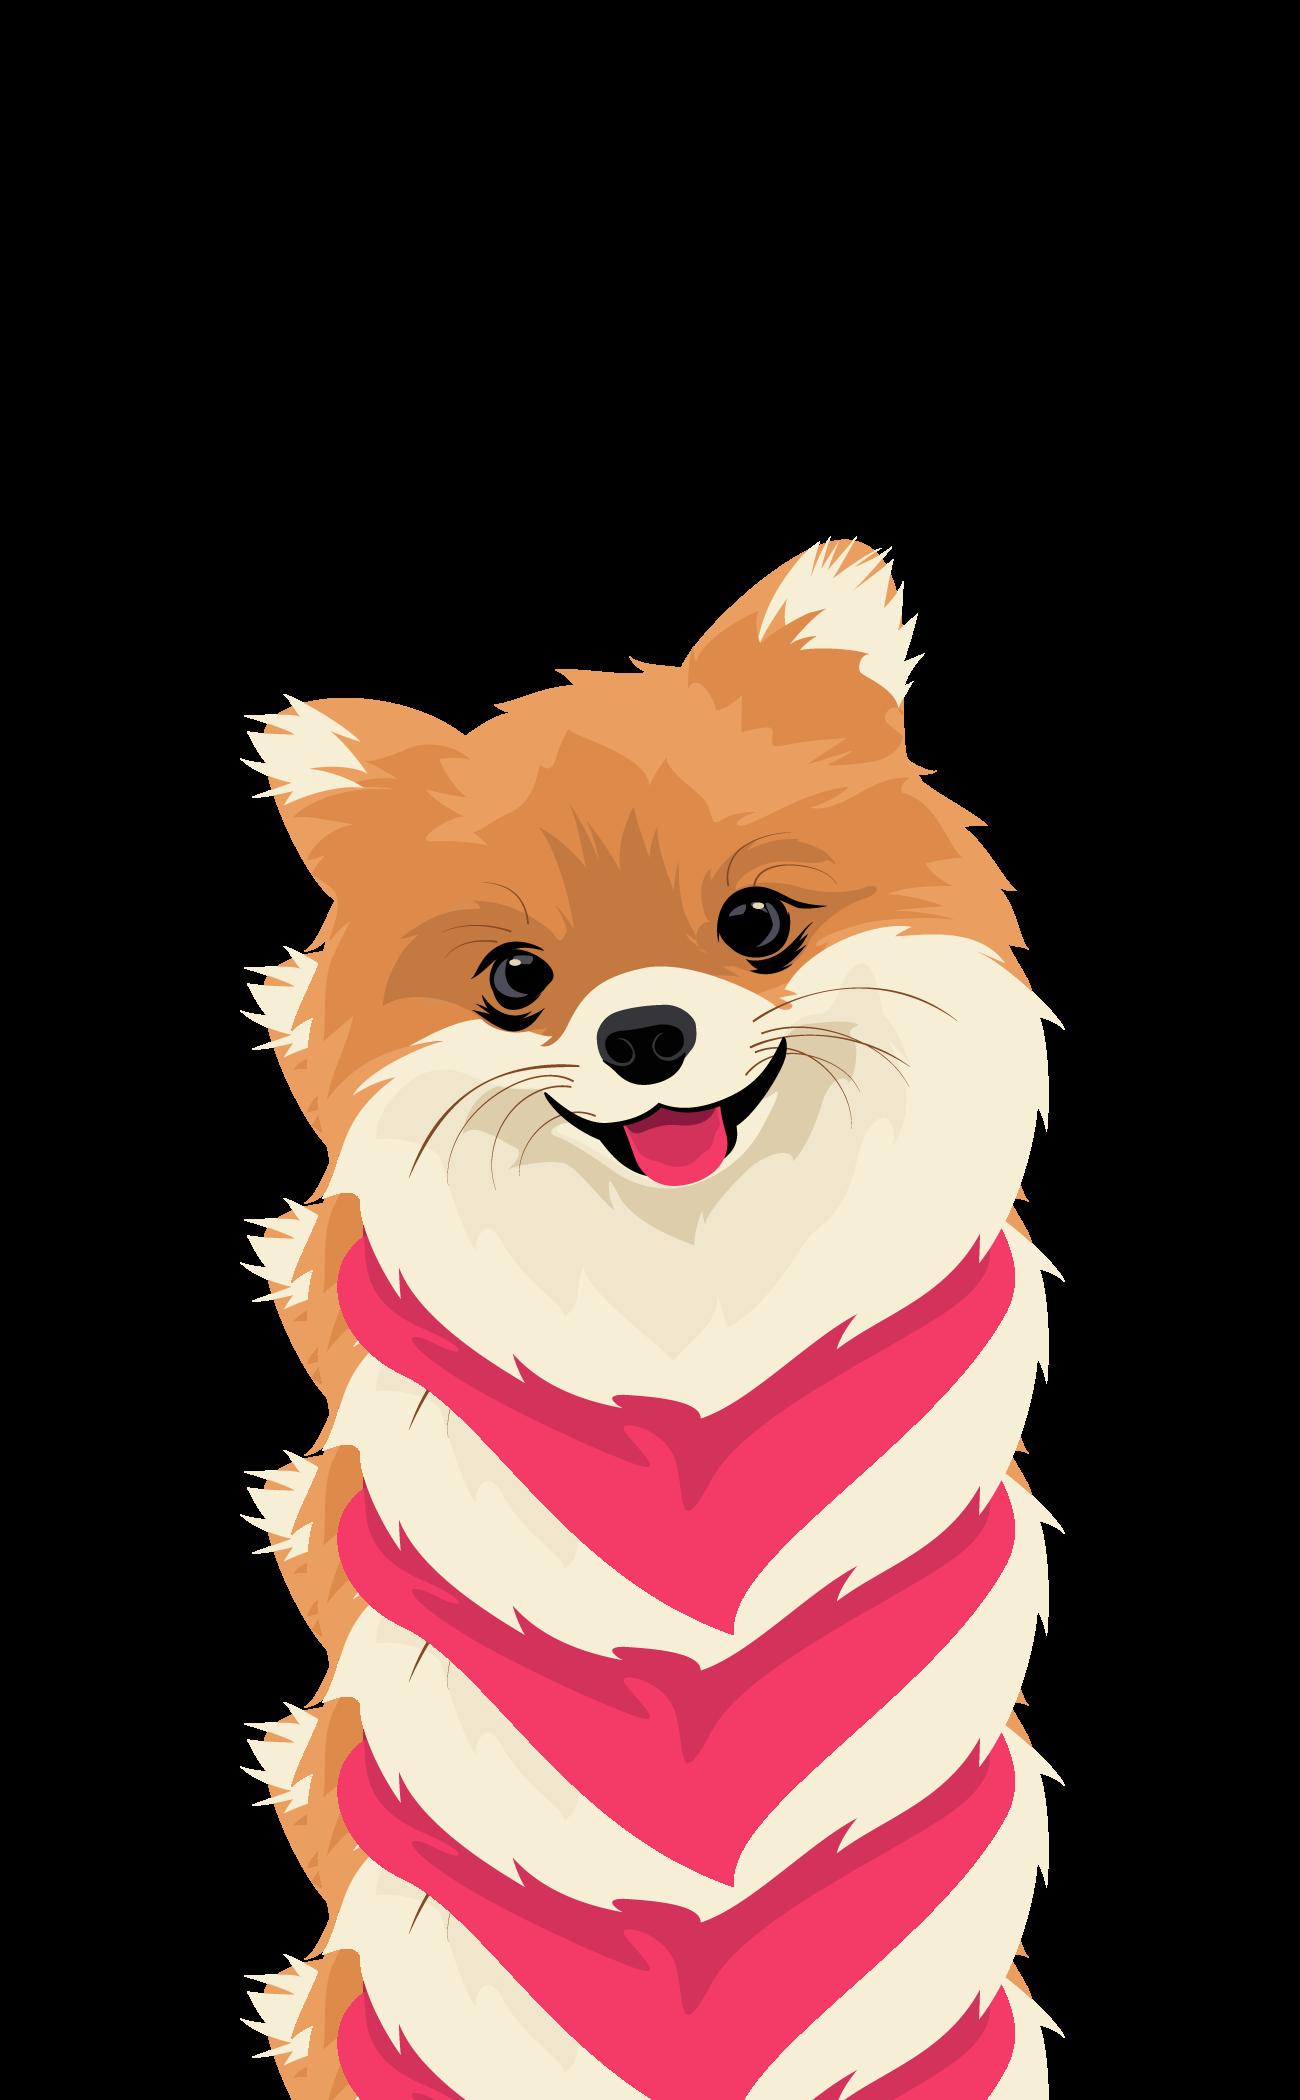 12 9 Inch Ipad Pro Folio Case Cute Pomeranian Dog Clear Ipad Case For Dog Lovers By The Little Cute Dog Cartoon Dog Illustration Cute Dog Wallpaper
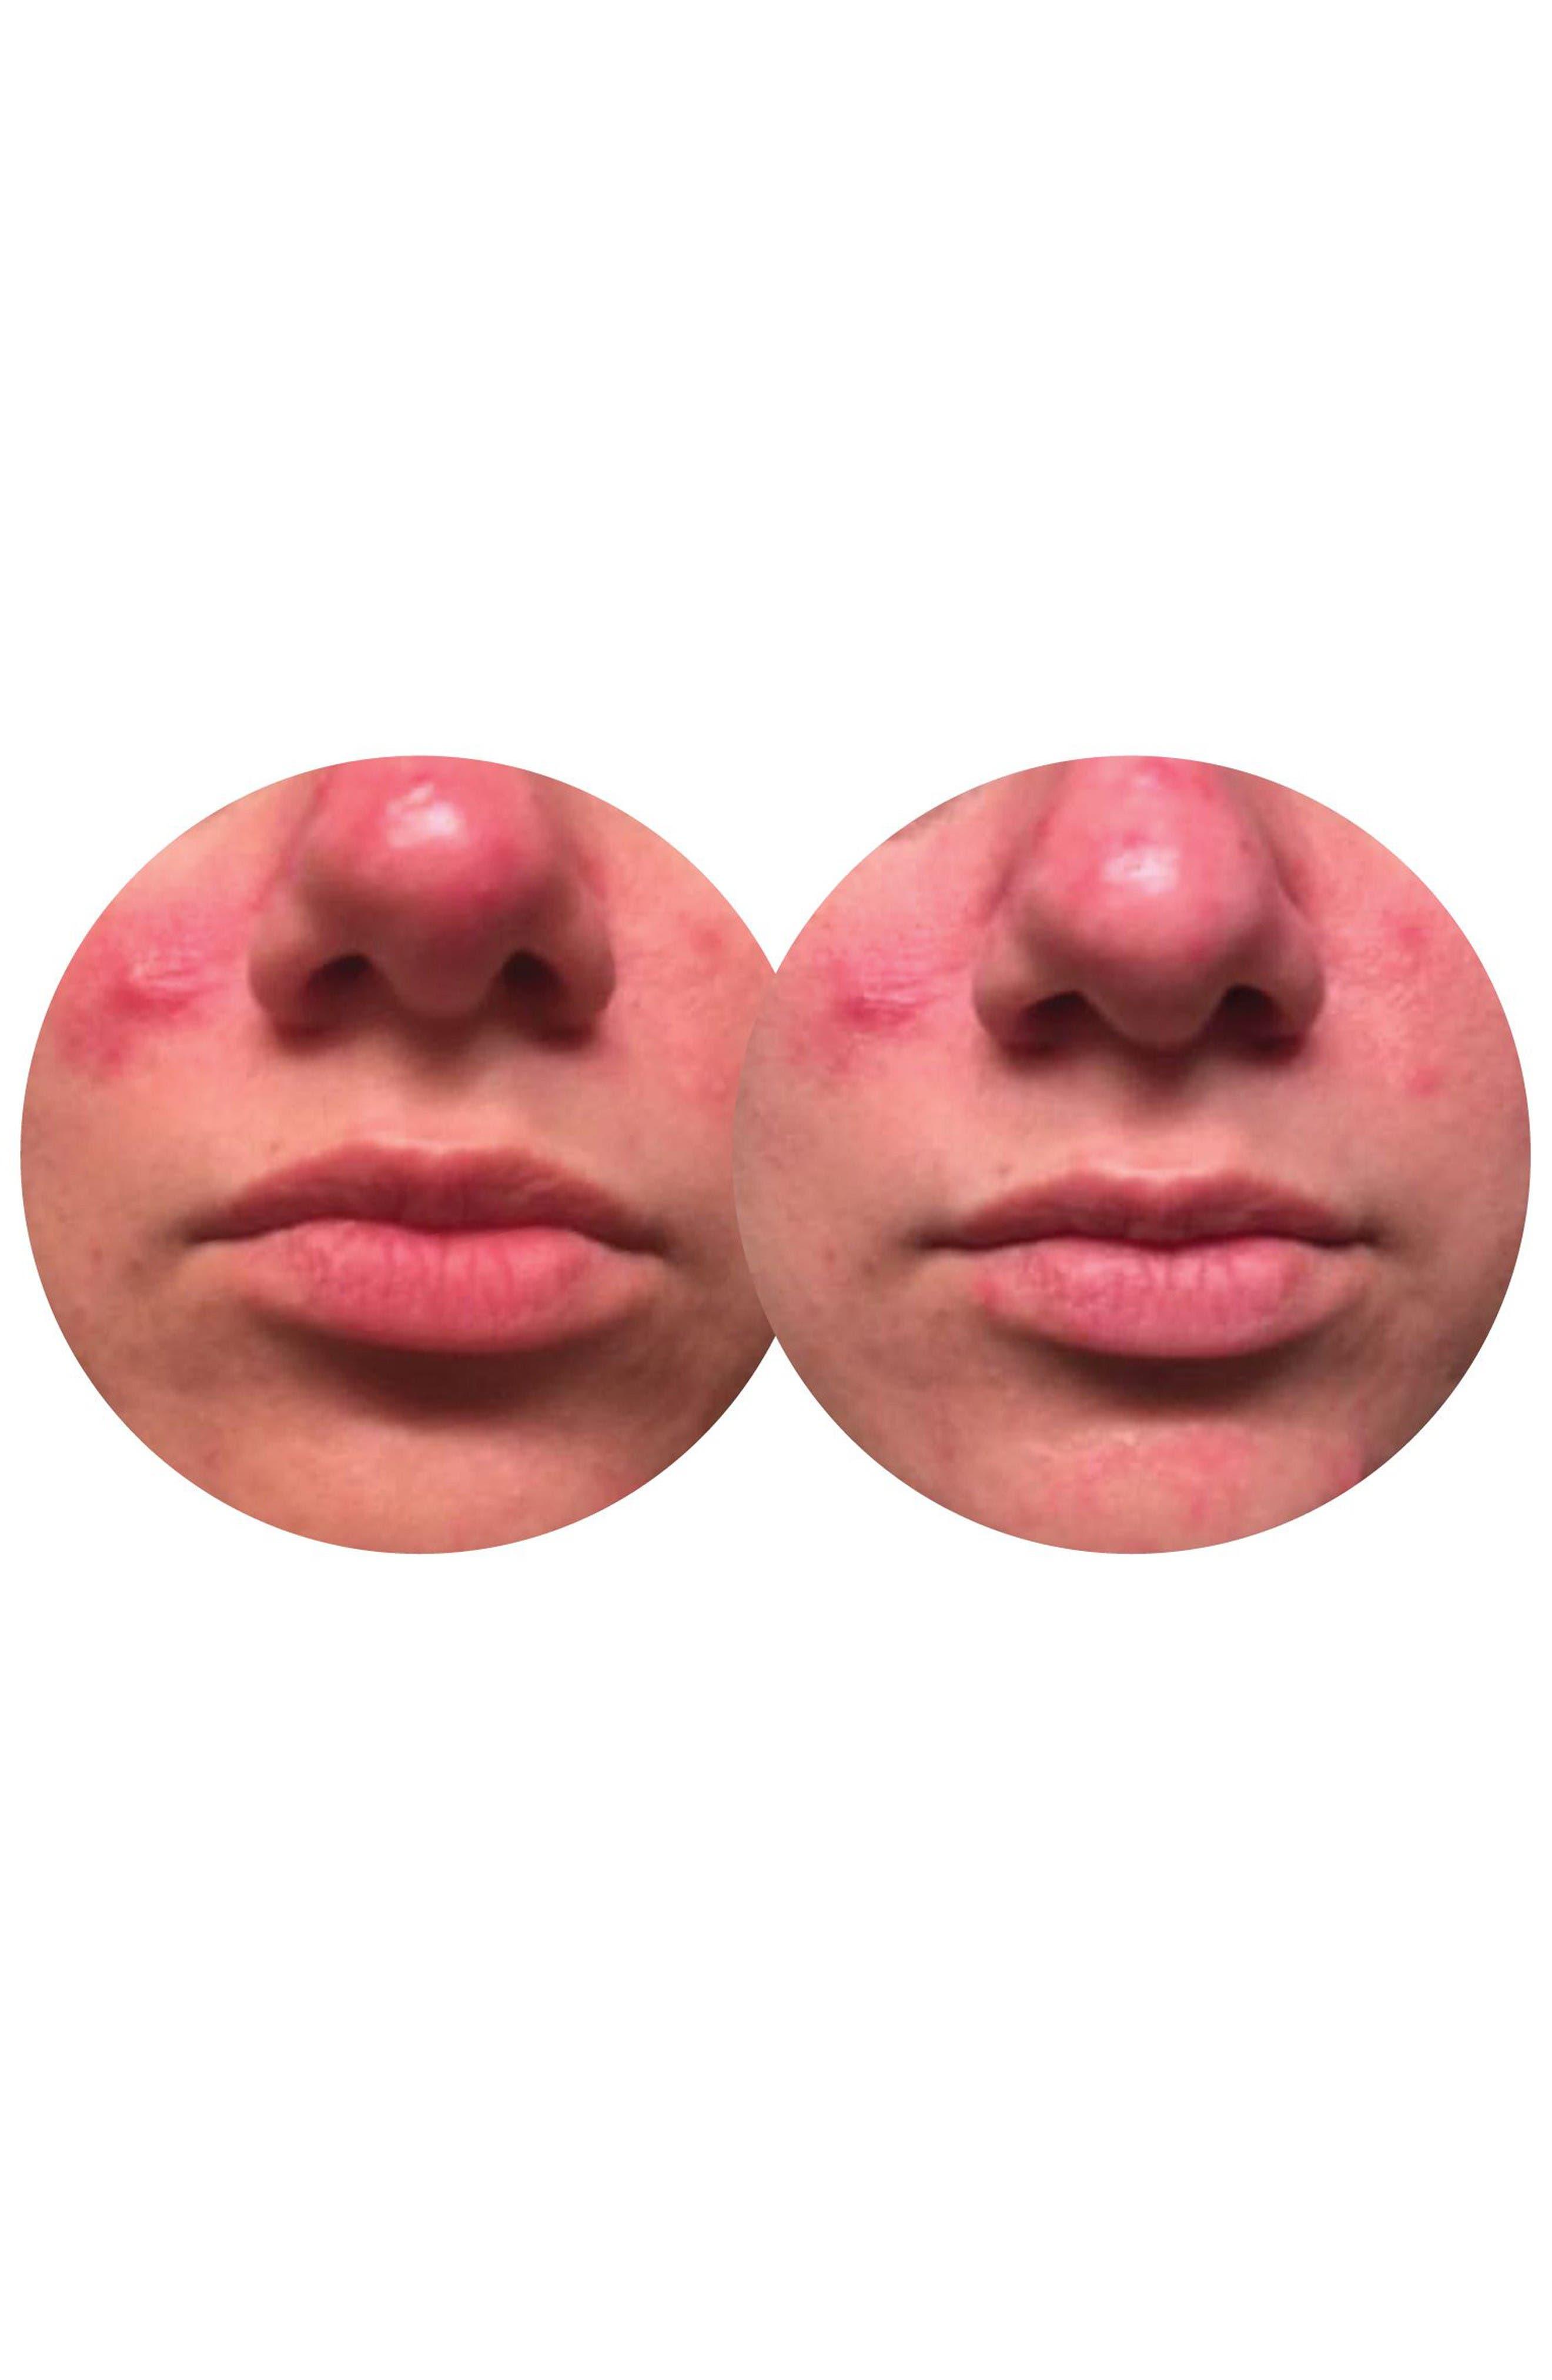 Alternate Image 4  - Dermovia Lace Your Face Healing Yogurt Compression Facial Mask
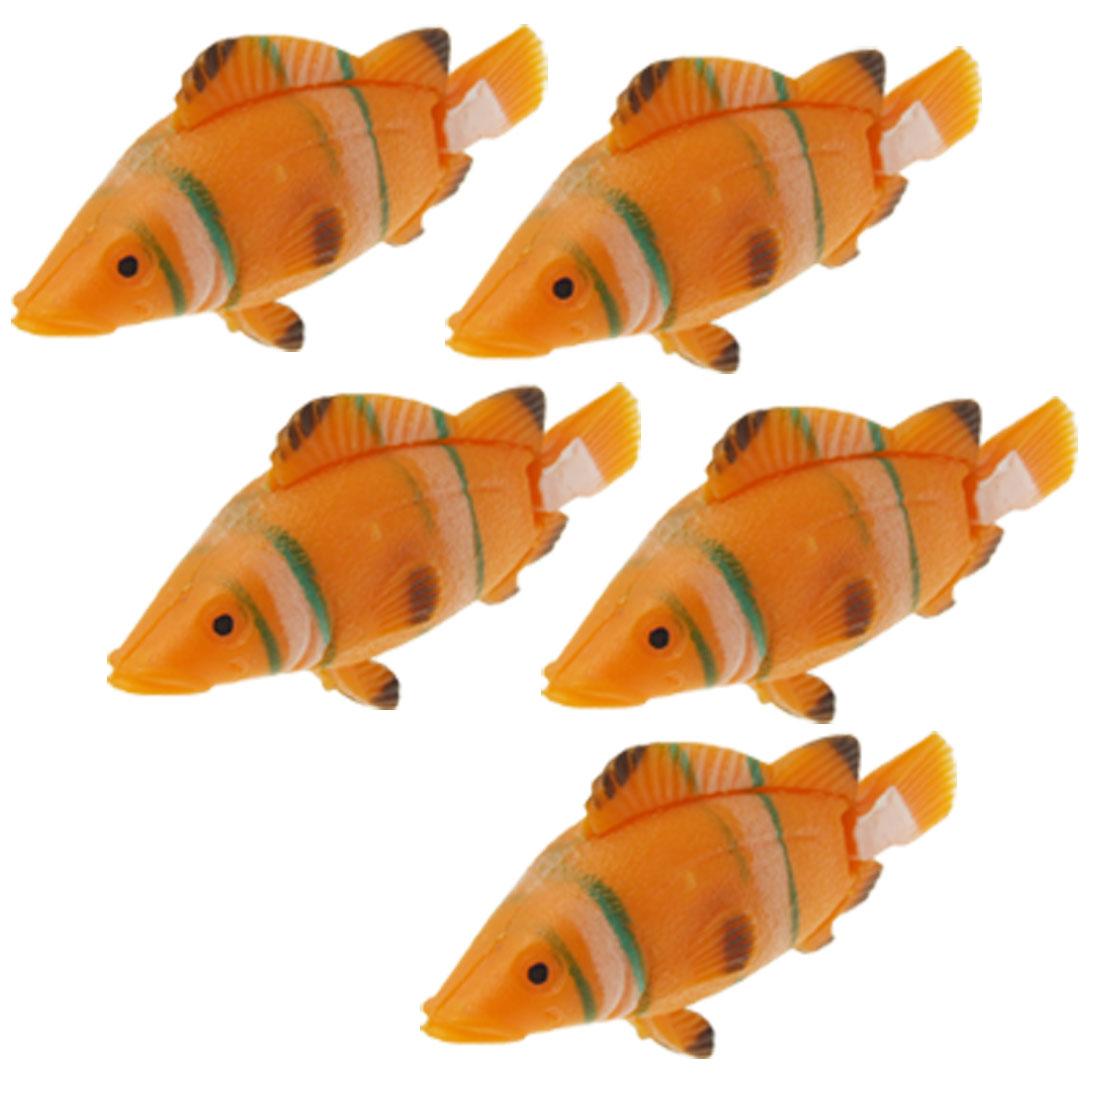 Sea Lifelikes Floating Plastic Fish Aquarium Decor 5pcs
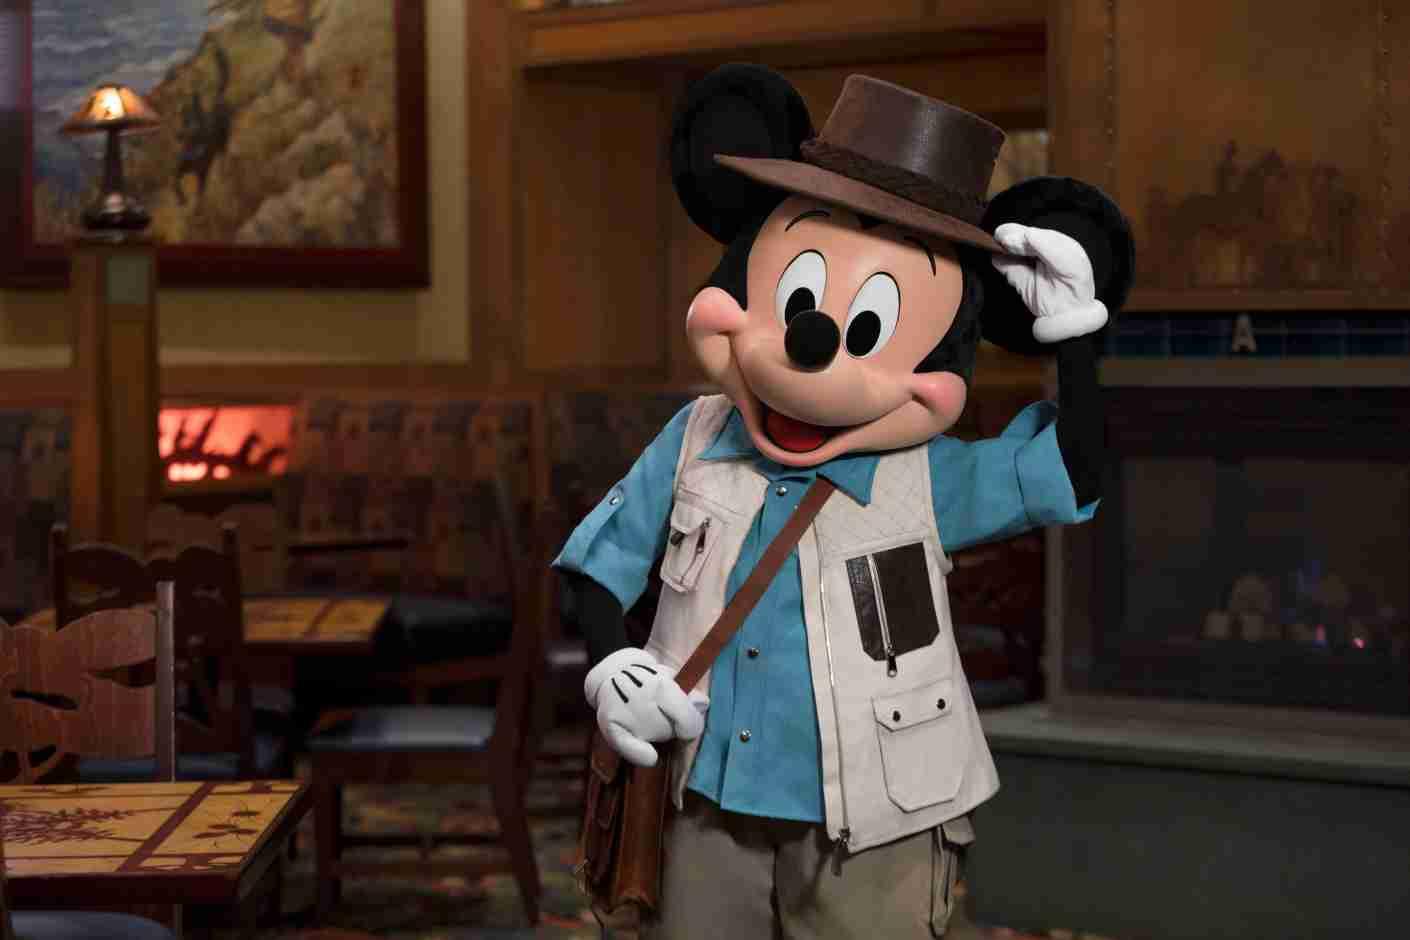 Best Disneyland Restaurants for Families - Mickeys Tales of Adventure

→ **What the exercise asks**
Output the data exactly as it is, with the pictures dropped.

→ **Reply to the task**
 12 9 Inch Ipad Pro Folio Case Cute Pomeranian Dog Clear Ipad Case For Dog Lovers By The Little Cute Dog Cartoon Dog Illustration Cute Dog Wallpaper
 Alternate Image 4  - Dermovia Lace Your Face Healing Yogurt Compression Facial Mask
 Sea Lifelikes Floating Plastic Fish Aquarium Decor 5pcs
 Best Disneyland Restaurants for Families - Mickeys Tales of Adventure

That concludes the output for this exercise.